In fact, the garbage collector in Java is not the only garbage collection algorithm that is used; most of the current generation collection algorithms are used. The JVM typically divides the heap into chunks based on the lifetime of the object. Typically, the heap is divided into new generation and old generation, and the best garbage collection algorithm is selected based on the characteristics of each generation. The main ideas are as follows:

  • In the new generation, a large number of objects die in each collection, so you can choose a replication algorithm that only copies a few objects and changes references to accomplish garbage collection
  • In the old age, the object survival rate is relatively high, the use of replication algorithm can not improve the performance and efficiency. In addition, there is no additional space for it to be allocated as a guarantee, so a tag sweep or tag collation algorithm is selected for garbage collection

Take a brief look at the main application areas of various algorithms through the figure:

As for why to choose a certain algorithm in a certain area, it is closely related to the characteristics of the three algorithms, and then compare from three dimensions:

  • Execution efficiency: In terms of the time complexity of the algorithm, the replication algorithm is the best, followed by the tag clearing, and the tag finishing is the lowest
  • Memory utilization: the mark collation algorithm and the mark clearing algorithm are higher, while the copy algorithm is the worst
  • Memory tidiness: the copy algorithm and the tag collation algorithm are neat, and the tag clearing algorithm is the worst

Despite the differences, in addition to the need to mark each other, one thing in common is the need for the STW to suspend all worker threads when the GC thread starts working.

conclusion

In this article, we started with the basic question of garbage collection: what objects can be collected as garbage? The JVM solves this key problem through the reachability analysis algorithm, and on the basis of which a variety of commonly used garbage collection algorithms have been derived, different algorithms have their own advantages and disadvantages, according to their characteristics have been applied to various generations.

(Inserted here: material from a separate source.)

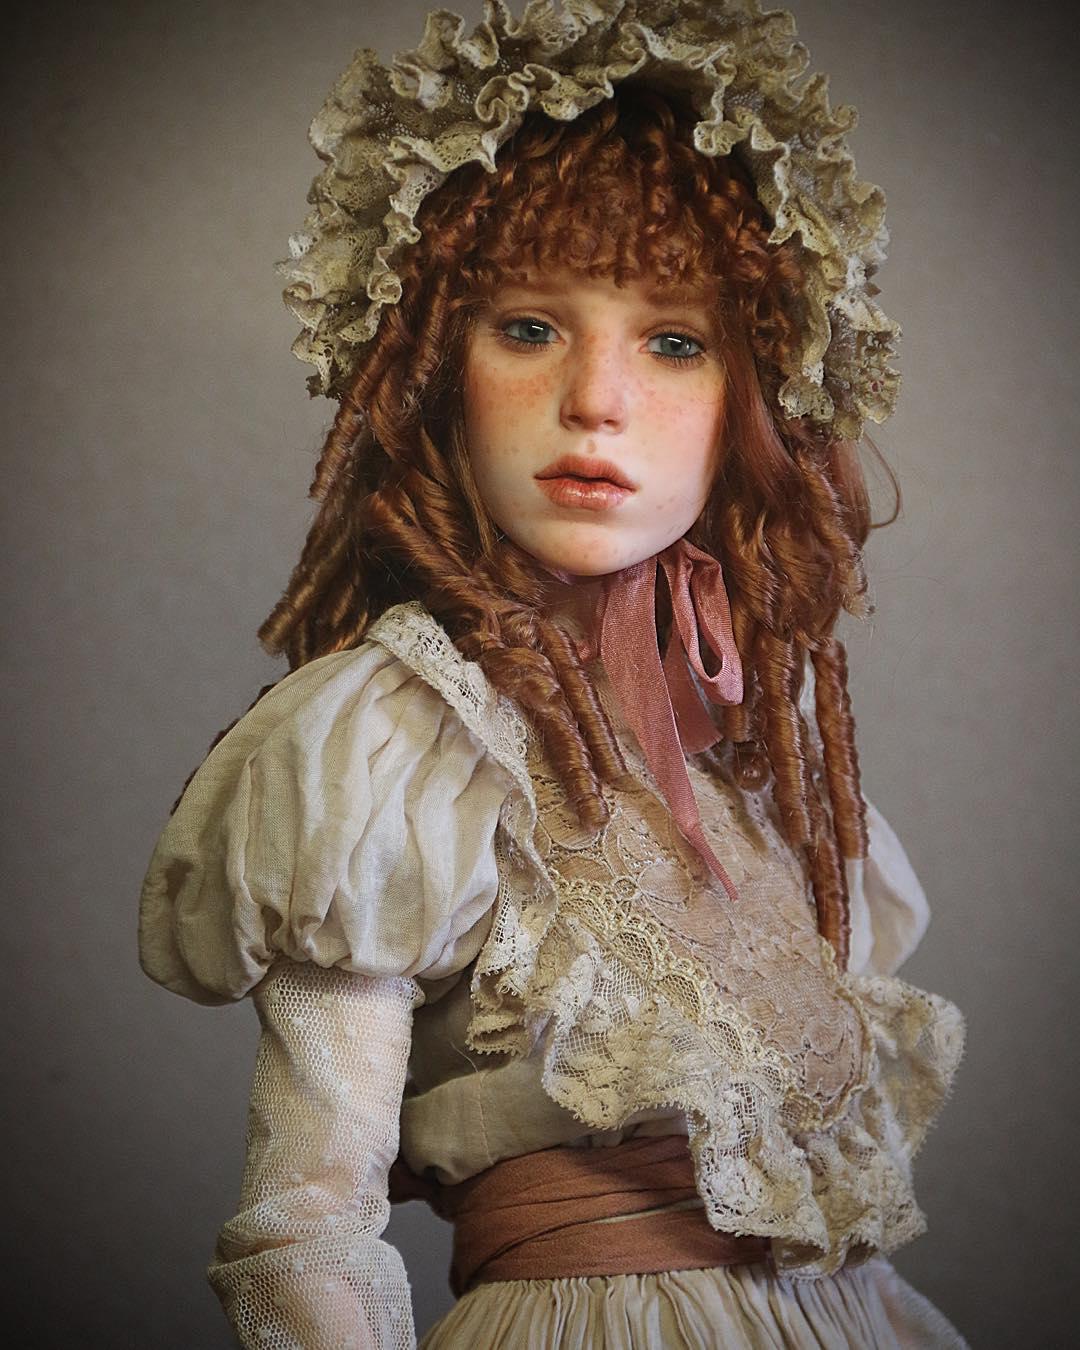 012216-Russian-Artist-Creates-Realistic-Doll-Faces-5

Although this article chatter so much, but these are the basis of knowledge, if you want a thorough grasp of the JVM garbage collection, follow-up and the garbage collector, memory allocation, and so on a lot of knowledge to be understood, but we will be introduced here today, hope that through this article illustrations, can help you better understand the garbage collection algorithms.

The last

If you feel helpful, you can click a “like” ah, thank you very much ~

Nongcanshang, an interesting, in-depth and direct public account that loves sharing, will talk to you about technology. Welcome to Hydra as a “like” friend.